Tapi kan Pak BGS bukan dokter…
Yhaa doi bankir, tapi emang kalo menurut Ahli Epidemiologi Universitas Indonesia (UI), Pandu Riono sih, seorang Menteri Kesehatan emang nggak perlu berasal dari background dokter untuk mereformasi manajemen dan sistem kesehatan publik yang dinilainya lumpuh. Hal ini diamini oleh Ketua Satgas Covid-19 dari IDI Zubairi Djoerban yang nggak masalahin soal latar belakang BGS. In his words: “Mau latar belakangnya itu fisika nuklir, kesehatan masyarakat, dokter, epidemiolog atau apa, asal kemampuan manajerialnya bagus dan tahu persis persoalan di lapangan, ya tidak masalah. Apakah saya kecewa menkes saat ini bukan dari kalangan dokter? Saya sama sekali tidak kecewa,” gitu guys.
 
Terus-terus kalo yang lain gimana?
Yhaaa ada misalnya Bu Risma yang menduduki kursi Mensos. Kata Bu Risma, zuzur kaget, walaupun emang udah banyak yang bahas, tapi kaget aja karena beliau ga pernah kebayang jadi menteri. Selanjutnya Bu Risma bilang bahwa beliau bakal membenahi data bansos di Kemensos biar bisa tersalurkan secara lebih baik.
 
And of course…Papa Online.
Rite, papa online aka Pak Sandi. Nah soal pariwisata ini, Pak Sandi bilang bahwa beliau memiliki dua strategi dalam memajukan industri pariwisata dan ekonomi kreatif setelah dihantam pandemi covid-19. Pertama, inovasi, yang kedua, big data. Pak Sandi juga menjelaskan bahwa strategi inovasi perlu dilakukan untuk memetakan potensi bisnis sektor pariwisata dan ekonomi kreatif, karena dengan adanya inovasi ini, pelaku usaha bukan cuma bisa bertahan, tapi juga menangkap peluang bisnis.
 
Last question then… kok pada pake jaket biru sih kemaren?

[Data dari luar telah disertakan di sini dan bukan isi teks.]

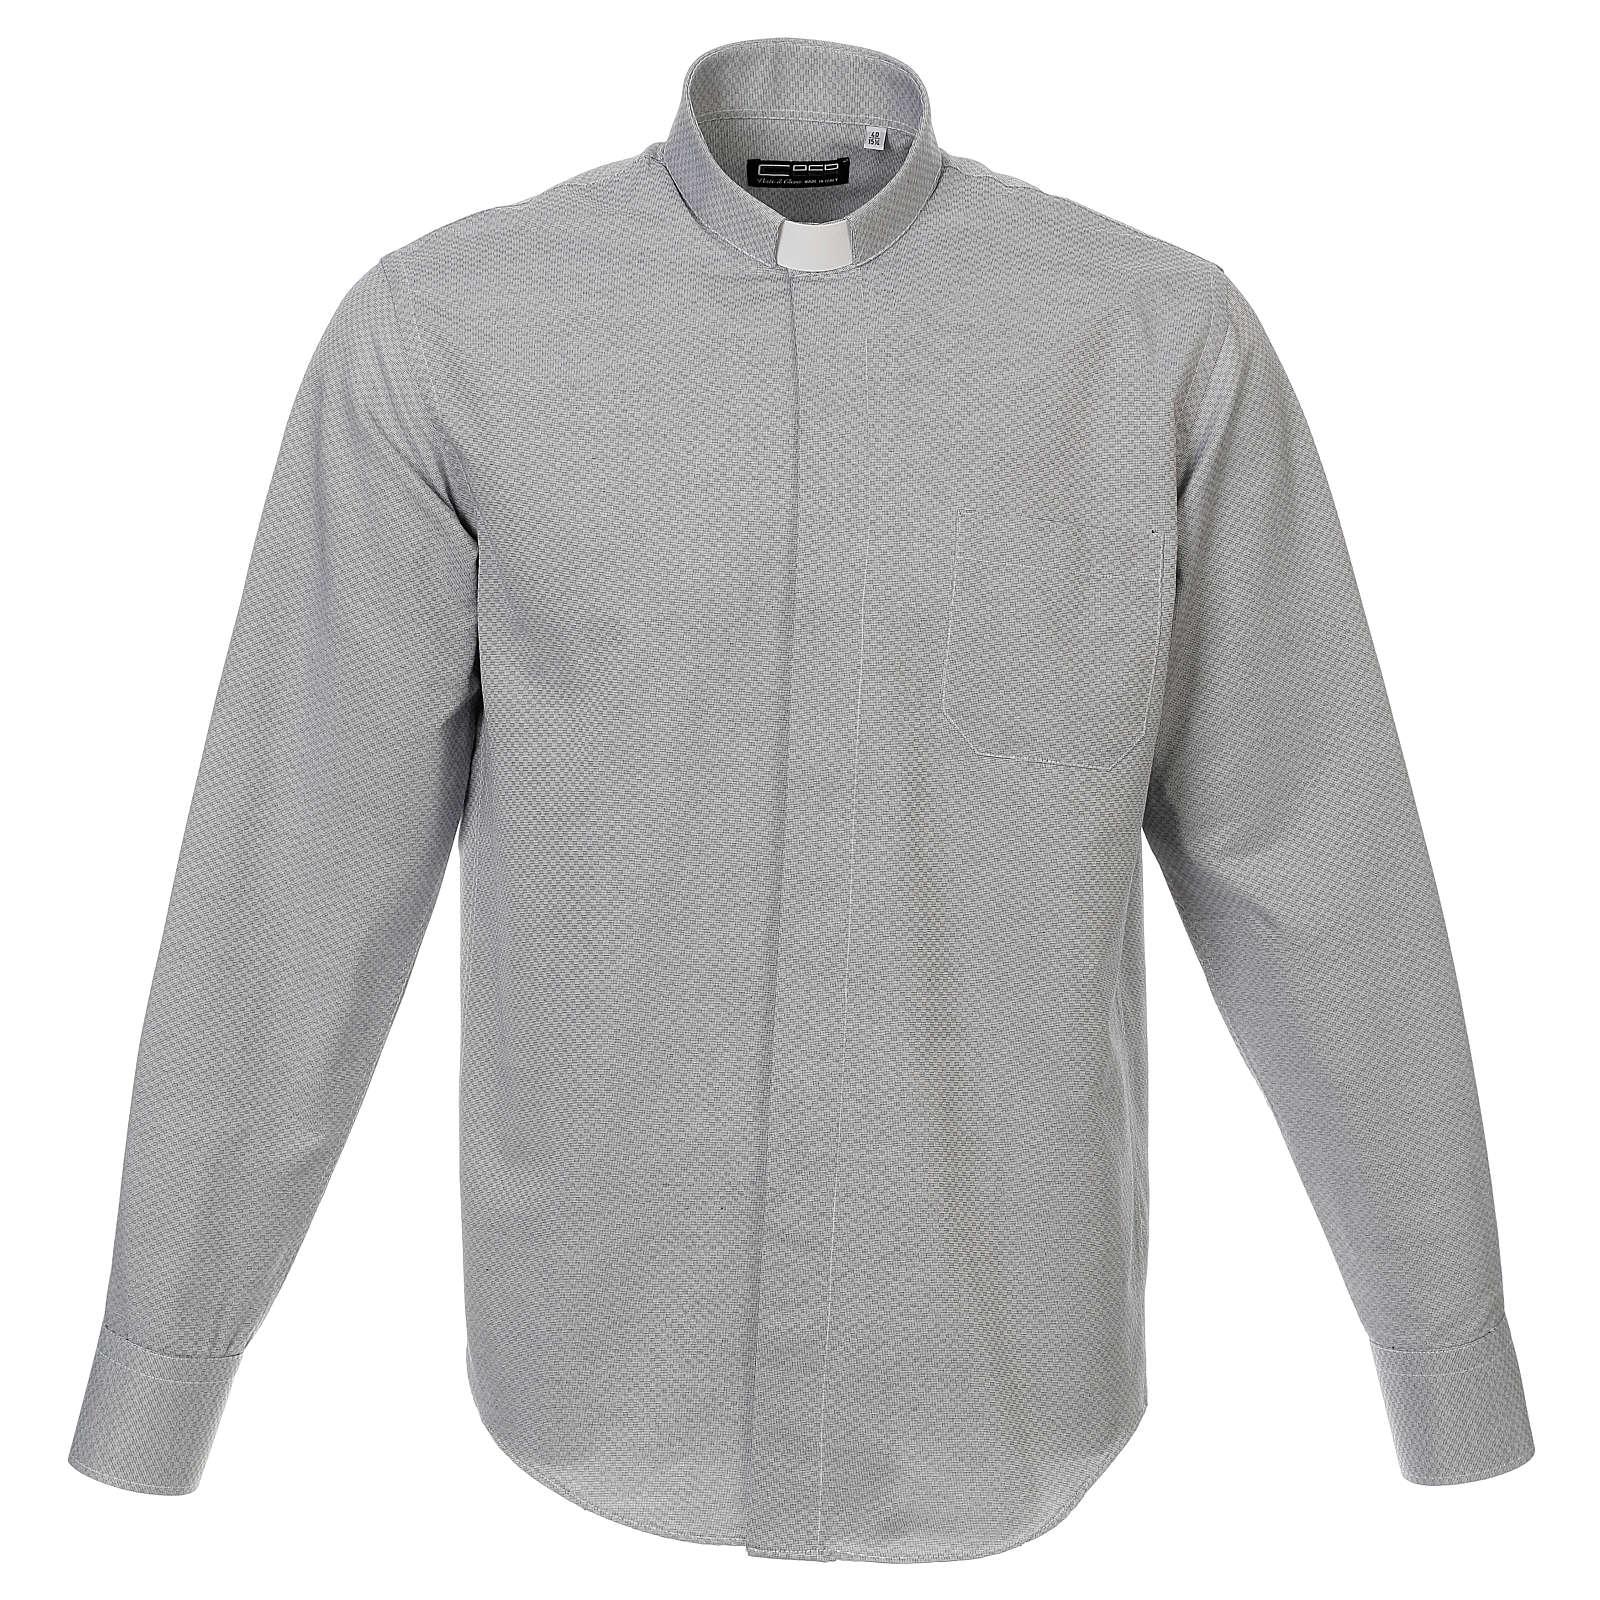 Collarhemd, Schachbrettmusterung, Baumwoll-Polyester-Mischgewebe, Farbe grau, Langarm 4

Well, we tried to find out dan ternyata…sebenernya nggak ada alasan khusus sih kenapa pada pake jaket biru (biasanya kalo pengumuman menteri atau stafsus, seragamannya kemeja putih ajha), namun menurut Deputi Bidang Pers, Protokol, dan Media Bey Machmudin, pilihan warna ini diambil karena warna bitu ini menarik untuk dilihat mata. Secara biru ini warnanya cerah, segar, ceria, dan semangat.
Got it. Anything else I should know?
Well, para menteri rencananya bakal dilantik hari ini di pagi hari. Menanggapi reshuffle ini, banyak pihak yang menilai bahwa timingnya pas, terutama demi membangkitkan kepercayaan publik terhadap pemerintah. Rata-rata posisi menteri yang diganti berkaitan dengan pandemi covid-19.